## Problem
Skipping all images, output the listing word for word.

## Data excerpt
- - -

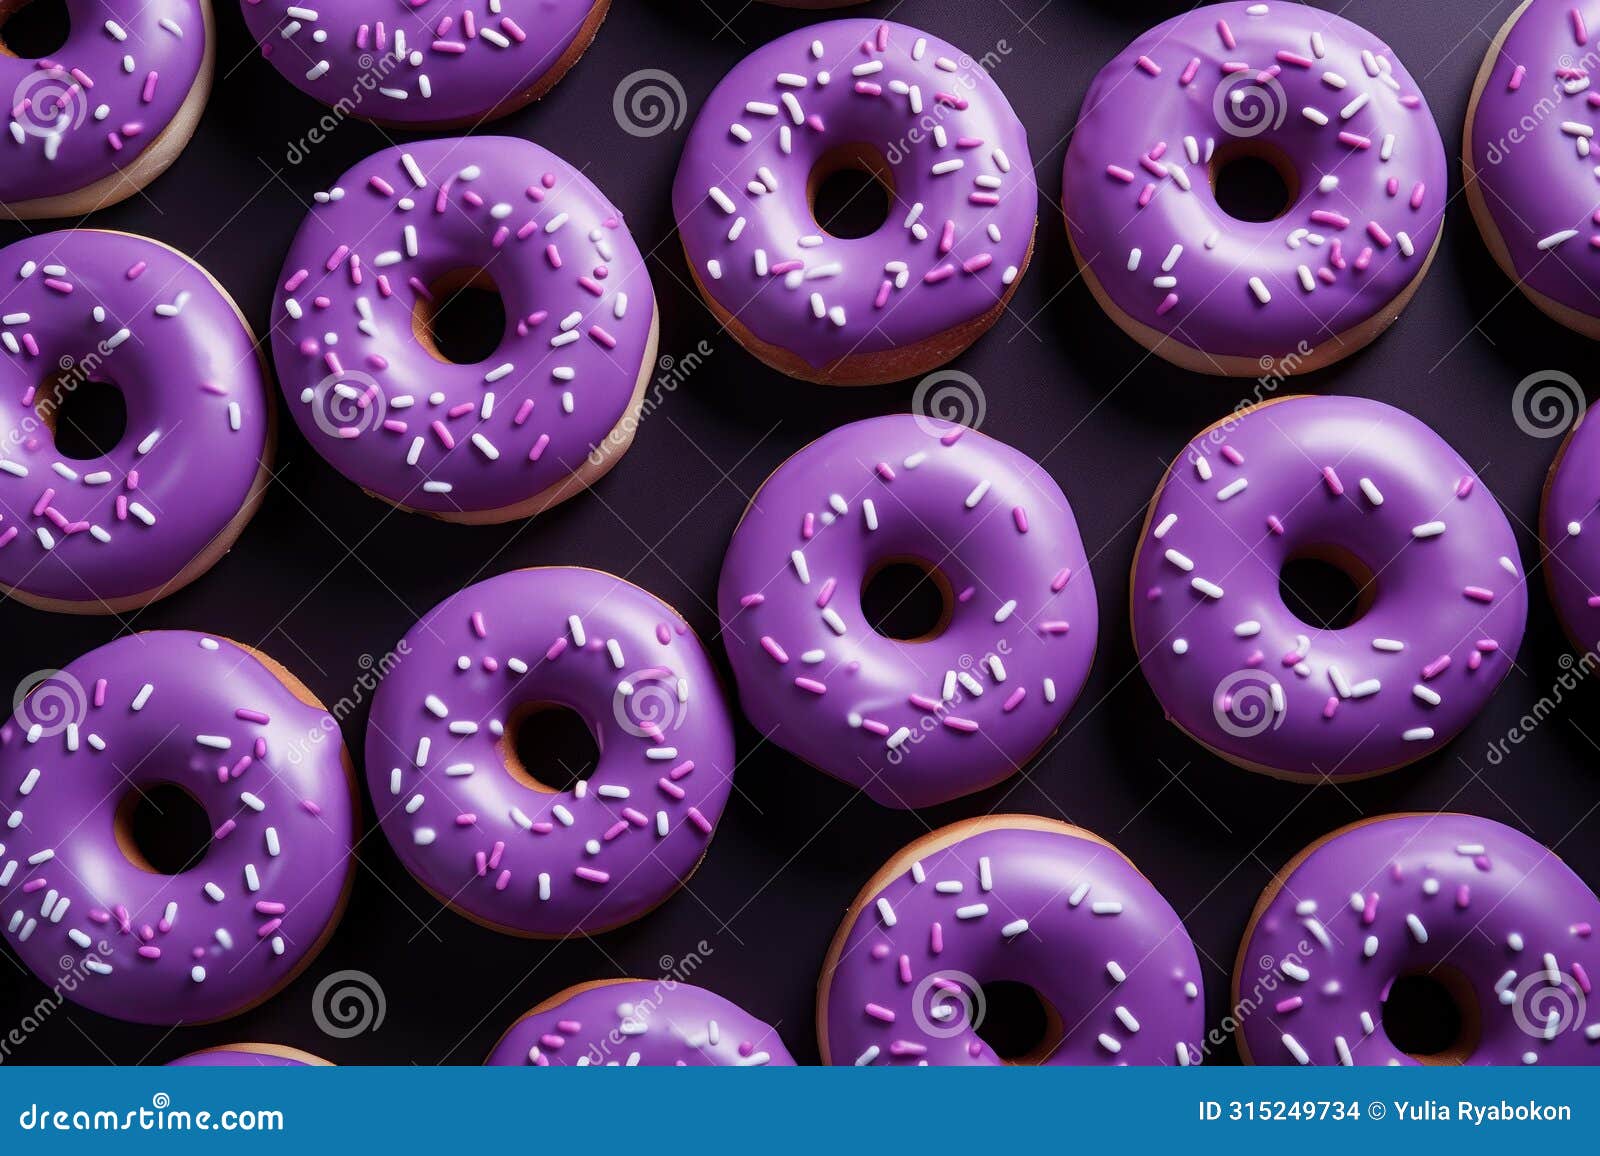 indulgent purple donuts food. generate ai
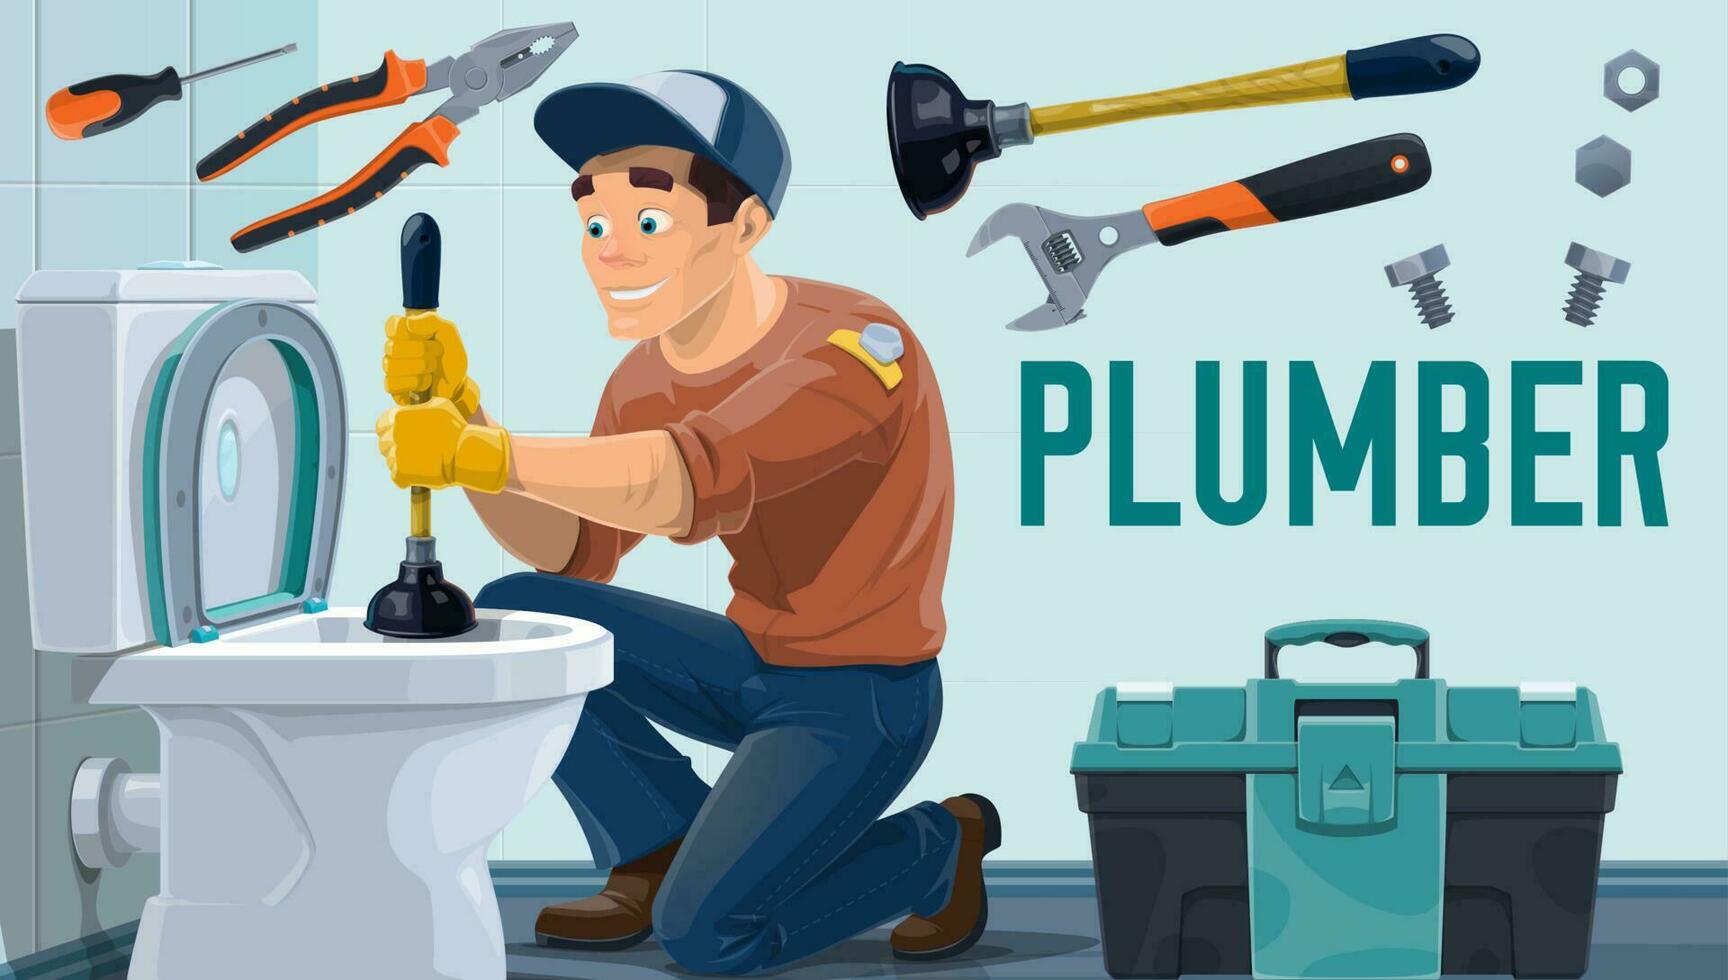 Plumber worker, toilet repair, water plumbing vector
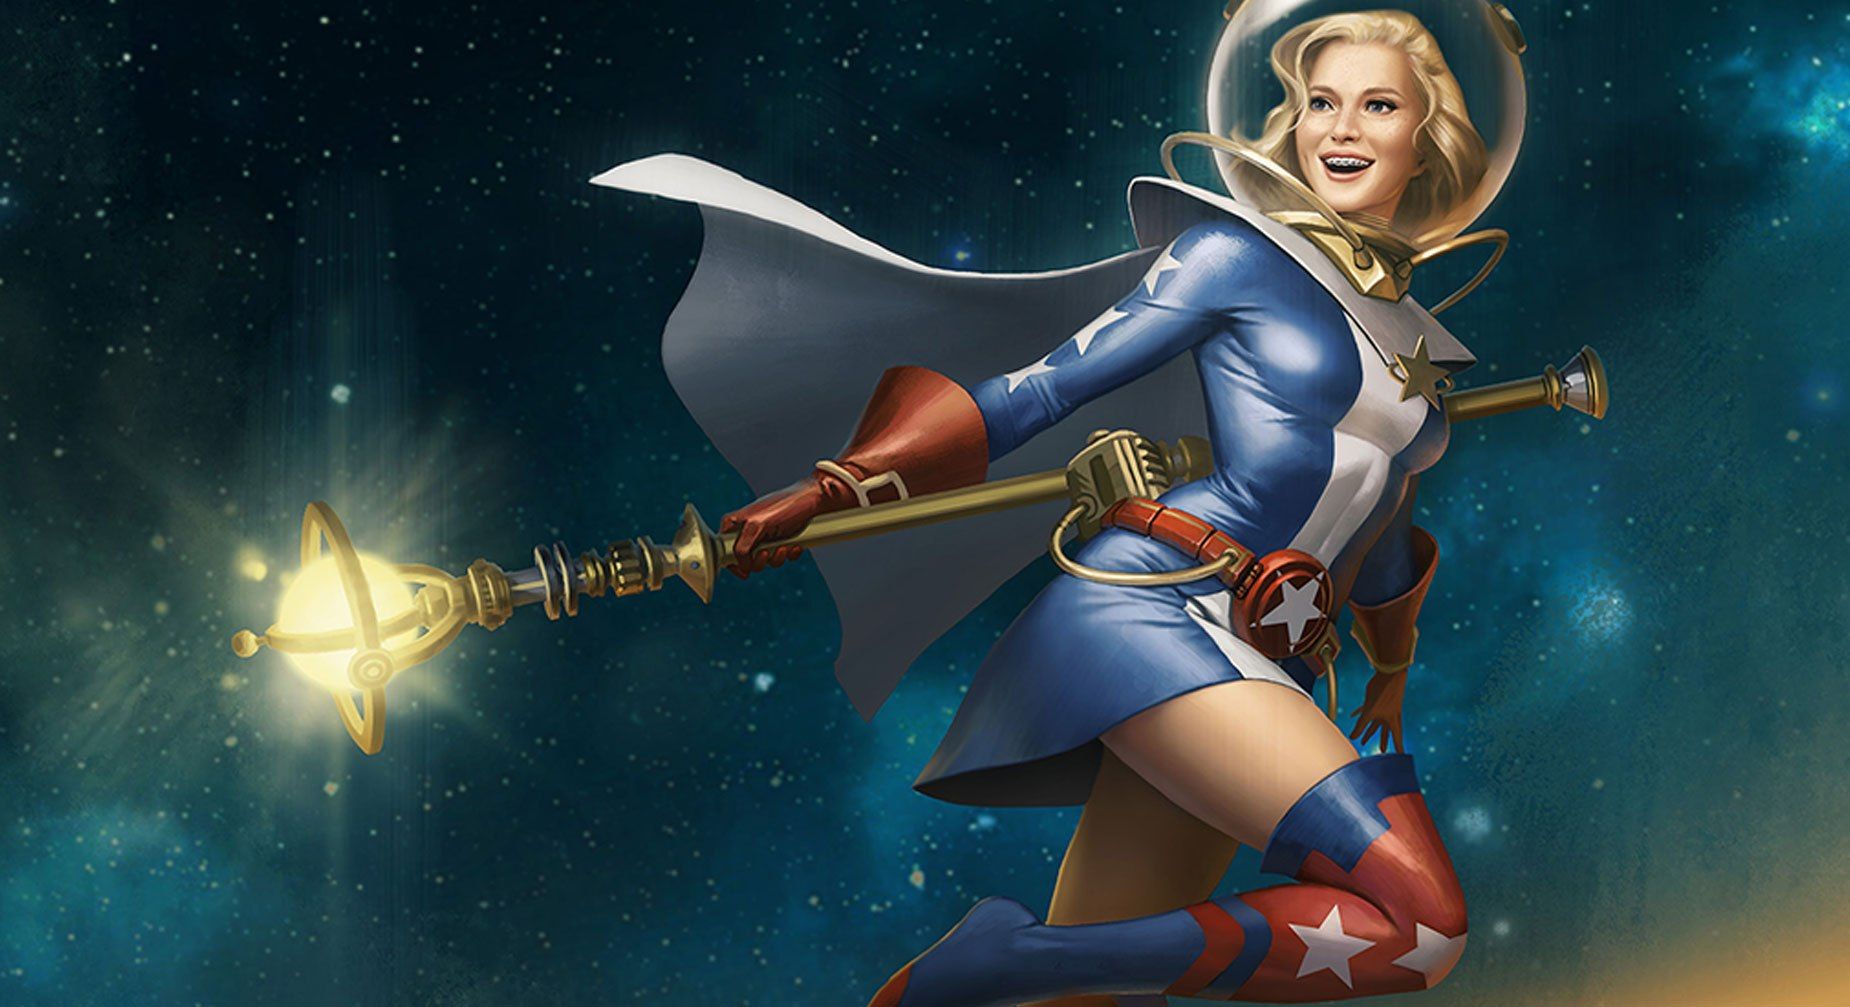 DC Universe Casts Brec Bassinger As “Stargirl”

- - -

## Task solution
 indulgent purple donuts food. generate ai
 Plumber worker, toilet repair, water plumbing vector
 DC Universe Casts Brec Bassinger As “Stargirl”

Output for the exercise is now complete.